Actualité
Appels à contributions
Michelet et la démocratie naturelle (Paris Diderot)

Michelet et la démocratie naturelle (Paris Diderot)

Publié le par Université de Lausanne (Source : Elisabeth Plas)

Michelet et la démocratie naturelle

L’Oiseau, L’Insecte, La Mer et La Montagne

Journée d’études organisée par Paule Petitier et Elisabeth Plas

Université Paris Diderot

22 juin 2018

 

PRESENTATION

L’été dernier, s’est tenue à la Maison de la Recherche de Paris 3 une première journée d’études consacrée à La Mer de Michelet. Publié en 1861, ce grand chant lyrique et épique est le plus célèbre des quatre ouvrages qui composent la « série » des « petits livres» (1) d’histoire naturelle, inaugurée par Michelet en 1856 avec L’Oiseau, suivi de L’Insecte en 1857 et s’achevant avec La Montagne en 1868.

Dans le prolongement de ce premier événement, la journée du 22 juin considérera l’ensemble du cycle naturaliste, interrogeant le geste de l’historien qui, tout au long du Second Empire, après avoir étudié les mouvements et les rythmes des sociétés humaines, se tourne vers les animaux, les plantes, les glaciers et les lacs pour fonder ou pour découvrir, au contact d’autres vies et d’autres organisations, une démocratie naturelle.

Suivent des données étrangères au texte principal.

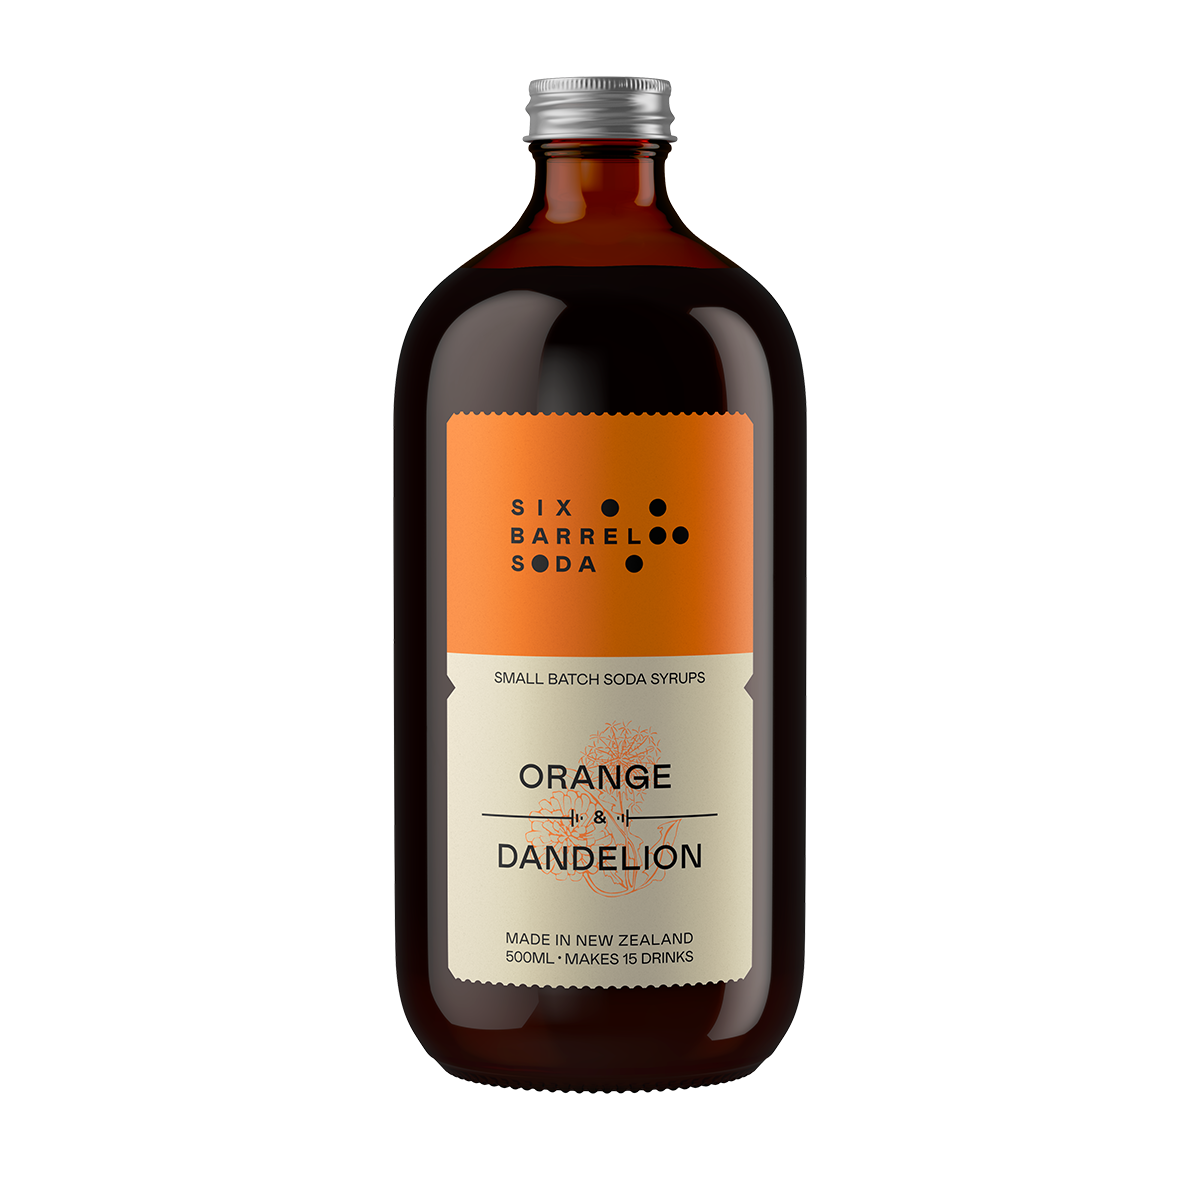 Six Barrel Soda Syrup - Orange & Dandelion - Front
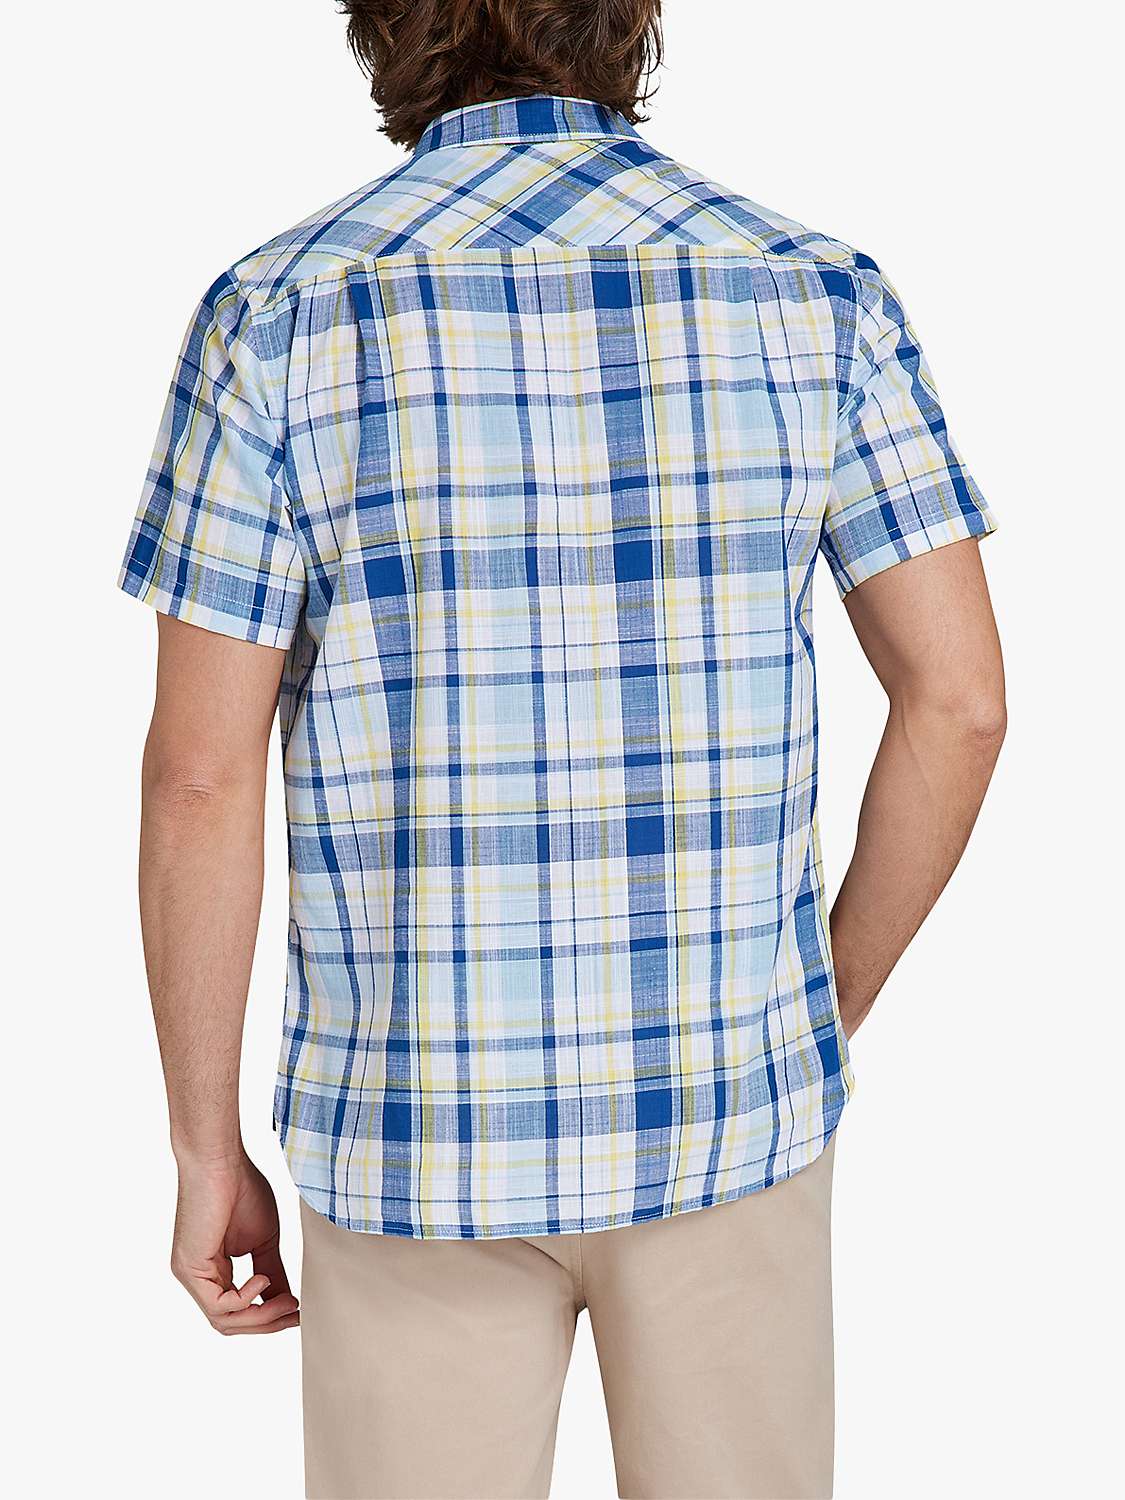 Buy Raging Bull Short Sleeve Madras Check Linen Look Shirt, Sky Blue/Multi Online at johnlewis.com

Les bouleversements politiques de l’ère contemporaine enclenchent chez « l’homme histoire » (2) une évolution intime, à laquelle ceux qu’il appelle dans Le Peuple les « simples par excellence » (3) semblent prendre part. Sa nouvelle vie d’exilé de l’intérieur engendre une nouvelle œuvre, et des essais destinés à un large public bourgeonnent en marge de la grande œuvre historique, cherchant dans la nature, l’amour ou la femme autant de « renaissances » physiques, morales et politiques.

Si l’histoire naturelle représente d’abord, selon l’expression de Michelet lui-même dans l’Introduction de L’Oiseau, un « alibi au monde humain » (4), elle en est aussi le contre-point, sinon le prolongement ou le dépassement. En 1831, dans l’ouverture de l’Introduction à l’histoire universelle, Michelet concevait les rapports entre histoire et nature selon un modèle conflictuel, comme une lutte irréductible. Une vingtaine d’années plus tard, l’écriture de l’histoire naturelle est devenue complémentaire du récit de l’histoire humaine.

Dans l’esprit et la pratique de Michelet, les deux disciplines ont changé de visage. D’une part, comme l’écrit Linda Orr dans son introduction à La Montagne, « la figure de l’histoire se complique, en cette fin de carrière, assimilant le temps linéaire dans une sorte de gonflement de mouvements multiples et contradictoires » (5). D’autre part, les vivants non-humains aussi bien que les paysages deviennent des acteurs de l’histoire universelle. En écrivant la nature, Michelet écrit l’histoire : ni celle de la France ni celle de l’Europe ne sont absentes du cycle naturaliste, mais subordonnées à la temporalité de la nature, en particulier dans La Montagne, qui clôt non seulement le cycle, mais aussi une époque, pour le pays comme pour Michelet.

En 1856, Michelet a voulu « révéler l’oiseau comme âme, montrer qu’il est une personne » (6). Des plus petits insectes jusqu’aux fleurs de l’Engadine, toute son histoire naturelle ne cesse de demander « à chaque être le secret de sa petite âme » (7). Ce projet aux soubassements scientifiques a des enjeux moraux et politiques. Le transformisme biologique, qui postule une continuité des organismes les plus simples aux organismes plus complexes, est la condition d’un autre transformisme qui voit dans la succession des formes un dépassement de l’asservissement vers la liberté. Franchissant un pas de plus, La Montagne pense le passage de la plante et même de la pierre à l’homme : passage de l’inorganique à l’organique par lequel la matière en vient à « s’animaliser tout à fait » (8).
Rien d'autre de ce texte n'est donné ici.